Sorry I didn’t catch your sarcasm..,,, anyway, our lack of grouse in Ohio today is sad. I still go some in SE Ohio. Mostly to get the dog out. We do flush one every now and then. I killed one in Ohio 3 years ago and felt a little guilty. Lol we do have some great habitat in select areas. But almost no birds. Guess it’s a combination of wnv and lack of timber harvest.


----------



## HappySnag

Harry1959 said:


> Sorry I didn’t catch your sarcasm..,,, anyway, our lack of grouse in Ohio today is sad. I still go some in SE Ohio. Mostly to get the dog out. We do flush one every now and then. I killed one in Ohio 3 years ago and felt a little guilty. Lol we do have some great habitat in select areas. But almost no birds. Guess it’s a combination of wnv and lack of timber harvest.


when the fuhr price is down,you have over population,cuyot,fox,racoon,they have to eat every day,they clean planty grouse.


----------



## Southernsaug

amen happysnag. I used to trap too


----------



## Bprice1031

Harry1959 said:


> Sorry I didn’t catch your sarcasm..,,, anyway, our lack of grouse in Ohio today is sad. I still go some in SE Ohio. Mostly to get the dog out. We do flush one every now and then. I killed one in Ohio 3 years ago and felt a little guilty. Lol we do have some great habitat in select areas. But almost no birds. Guess it’s a combination of wnv and lack of timber harvest.

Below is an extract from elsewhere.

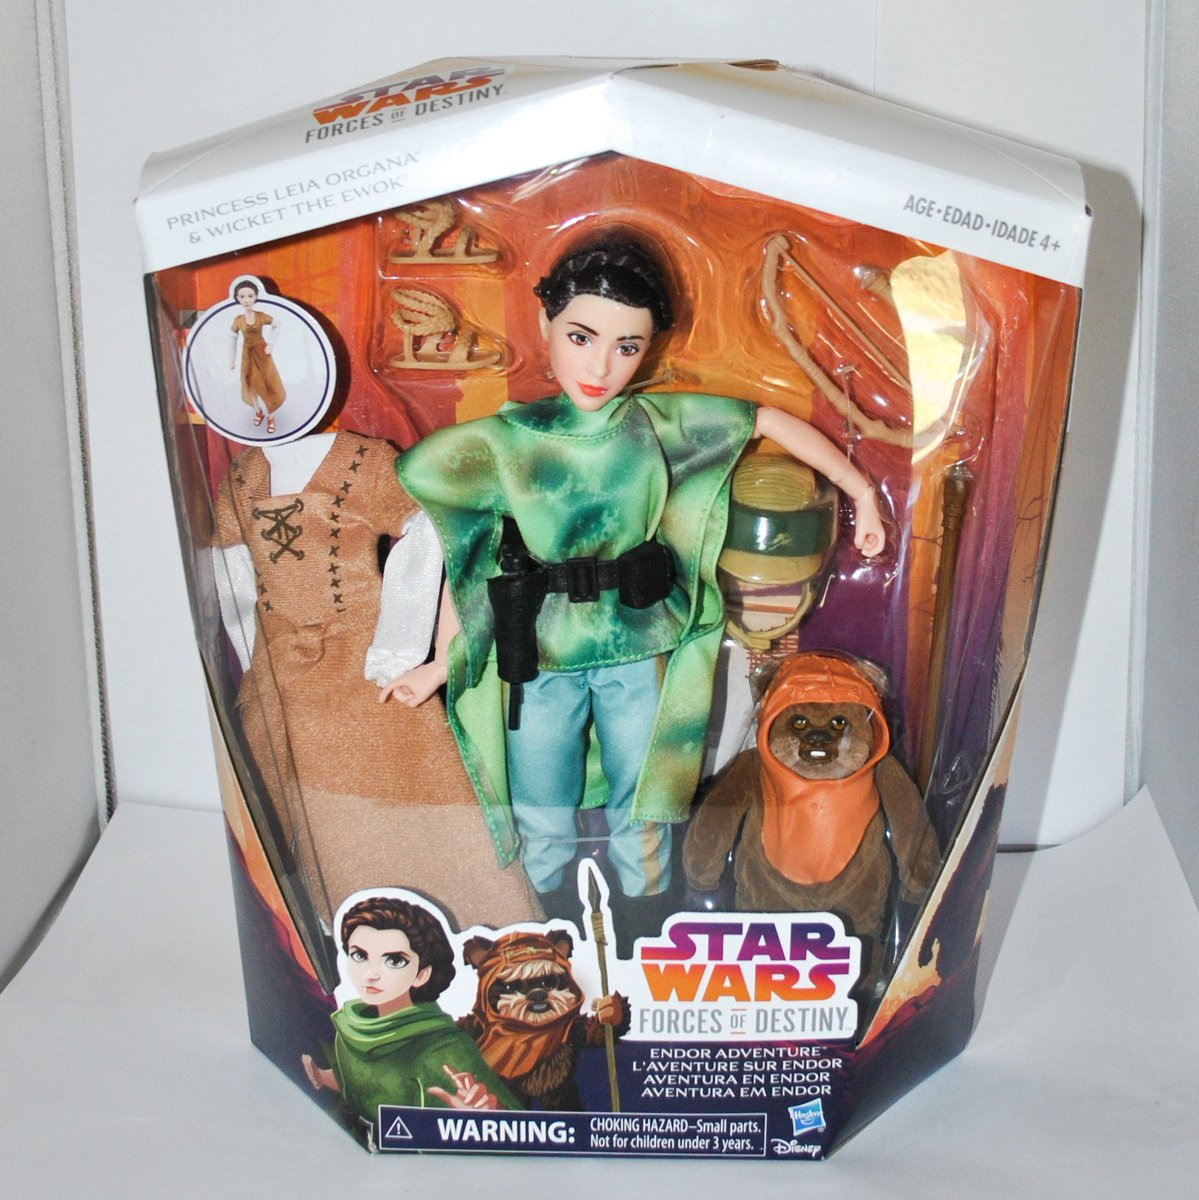 Star Wars Forces du destin Princesse Leia Organa /& Wicket Ewok Endor aventure

I think the last part of your statement says it all. If we don't harvest timber and start that early successional stage forest, grouse numbers are going to suffer. The species diversity in that stage of forest is truly great. Everything will thrive in the cover created. I don't know why Ohio hasn't harvested more timber on the lands they have. Just my two cents.


----------



## Southernsaug

Bprice1031 said:


> I don't know why Ohio hasn't harvested more timber on the lands they have. Just my two cents.

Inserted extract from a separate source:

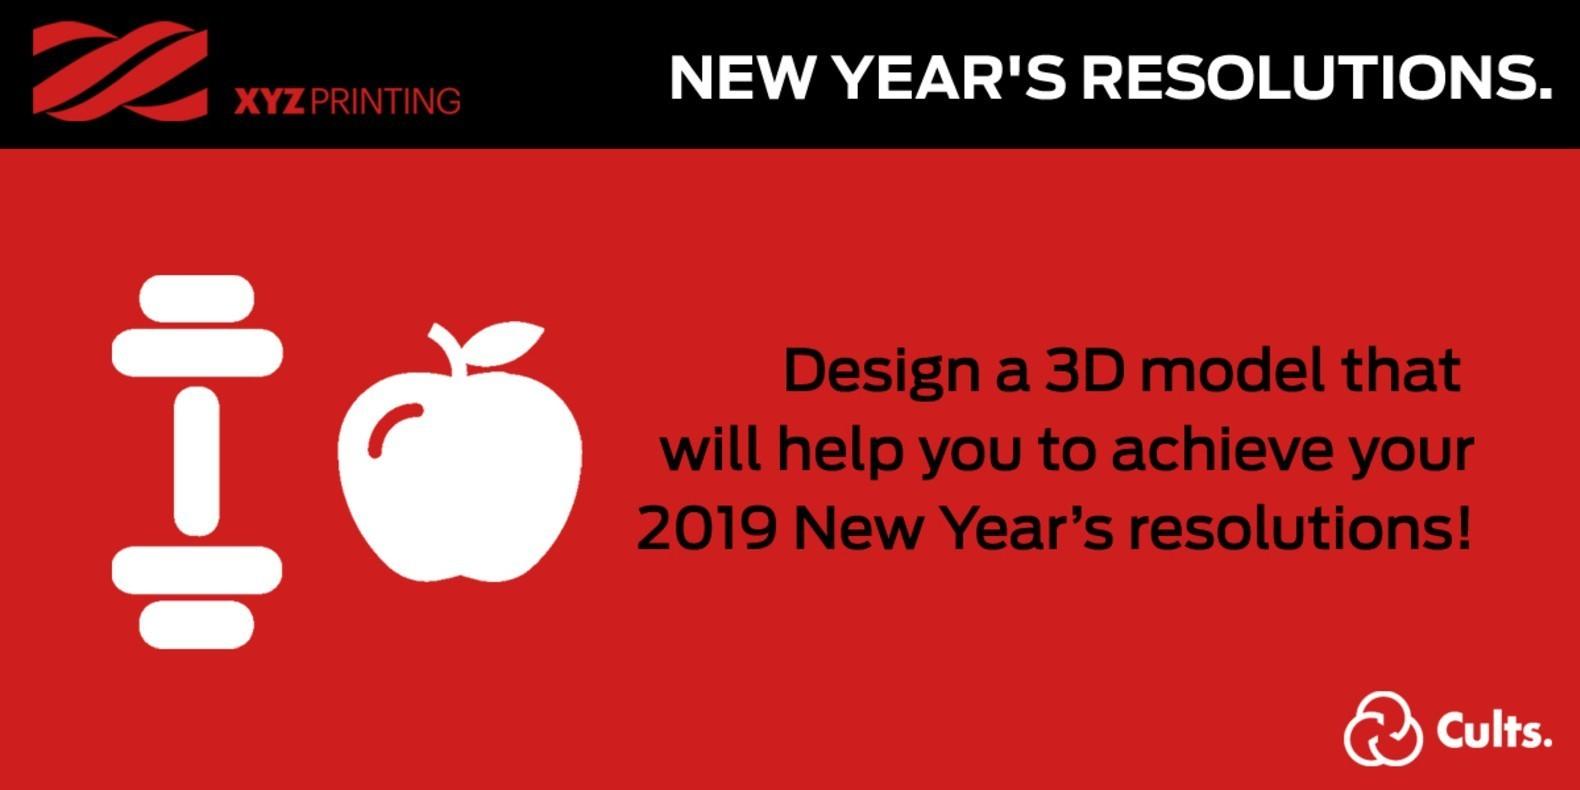 Contest 3D Printing XYZPrinting

Here in southern Ohio they have cut the holy crap out of state forest in the last 5 years. The timber business around me is huge and a lot of cutting on private, but still the grouse are gone. In the late 1800s to mid 1900s much land was cleared for farming atempts and then abandoned. It was this old field habitat that was best. Still with new successional growth in cut overs there should be grouse, but they are not there. Something else has happened and I don't think anyone really knows what. Some say predators, some say compitition from turkeys and some disease. The one thing certain is they are gone


----------



## Bprice1031

It's been about ten years since I've ventured to the southeastern part of the state, so I can only go on what I was seeing then. I know the numbers of grouse are supposed to spike at certain years, but I don't remember how often that's supposed to occur. I do know that it has always been one the most fun animals to hunt with my grandpa, growing up in PA. I feel the state of Ohio needs to take more of a stance of managing the state lands for more species than deer and turkey. Again just my two cents.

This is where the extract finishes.